A Response to When Breath Becomes Air
12:39:00 AM
Taken from one of my strange and twisted art Progress Reports
Over the break I read an article on Dr. Paul Kalanithi, a neurosurgeon who wrote the book "When Breath Becomes Air" about his life when he was diagnosed with inoperable lung cancer at age 36 and died at age 37. His story reminds me much of Cheng Zheng's and is strange because he is the literal representation of Cheng Zheng's philosophies.
He talks about the moment he is forced to come to terms with his mortality and how it changes everything and nothing at the same time. "Before my cancer was diagnosed, I knew that I would someday die, but I didn't know when. After the diagnosis, I knew that I would die, but I didn't know when."
"What patients seek is not scientific knowledge that doctors hide, but existential authenticity each person must find on their own... the angst of mortality has no remedy in probability."
I think I've always paid a little more attention to my own mortality. As a high school student, for some strange reason, I had it my mind that I was going to die before I graduated. I didn't know how, but I believed that it was going to happen, and I didn't quite know what to do about it and then I really didn't know what to do about it when the end of senior year came around. I was always looking for my so called calling, but also didn't know if it was worth looking for because I was going to die anyways.
I've always been someone who valued authenticity the most, I valued it the most in other people and so I was always desperately searching for it within myself. Trying to find it in philosophy, religion, and personal expression only to come to the conclusion that I was never sure whether I was lying to myself or not. "According to Rousseau, authenticity is derived from the natural self, whereas inauthenticity is a result of external influences." And so came in my battered circle analogy.

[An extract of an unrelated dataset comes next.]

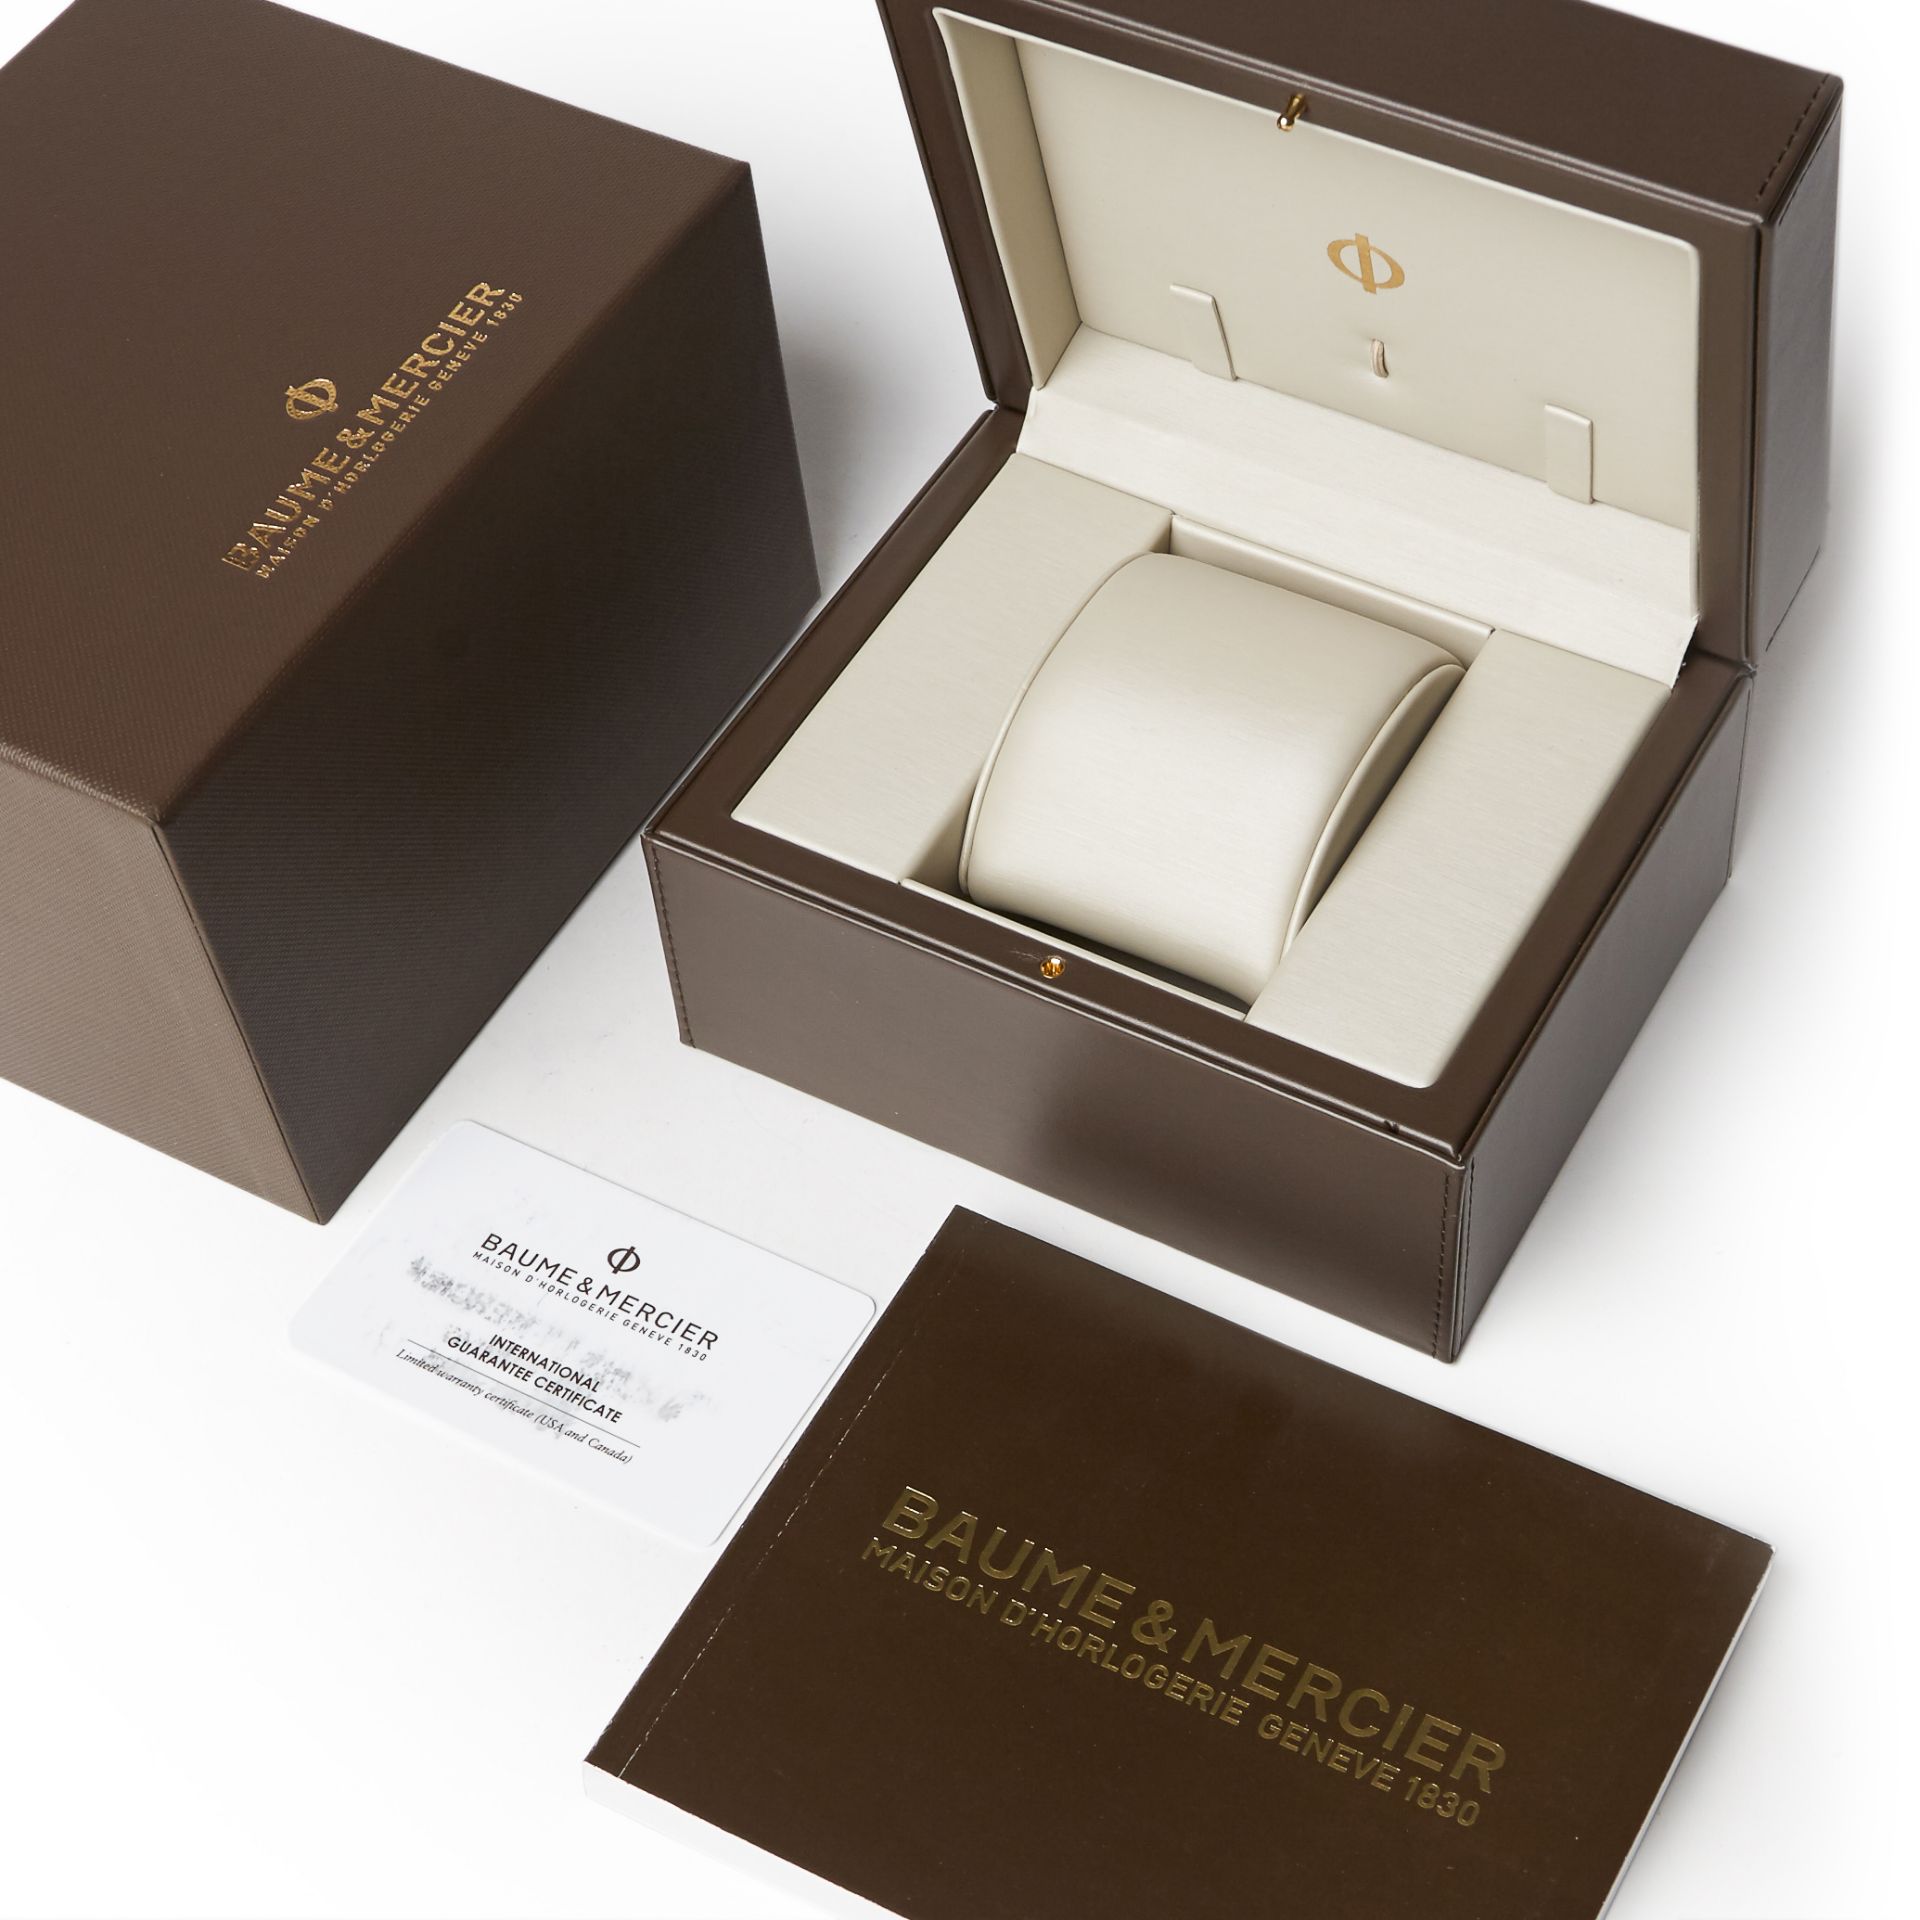 Baume & Mercier Classima Dual Time 40mm Stainless Steel - M0A10273 - Image 9 of 9

Someday I might make that a piece of performance art. But right now I think I need a more peaceful expression of my current state in my search for existential authenticity.
When Breath Becomes Air review by Alice O'Keefe
https://www.theguardian.com/books/2016/feb/03/when-breath-becomes-air-paul-kalanithi-review
The Limits of Authenticity - Ben G. Yacobi
https://philosophynow.org/issues/92/The_Limits_of_Authenticity
1 comments
This really resonates with me. With graduating and figuring out what the next best option is...people keep saying "you're young,you have a lot of time". What i dont say out loud to them is the fact that I(ve) never think I'll live old enough for me to think "I'm young and I have time."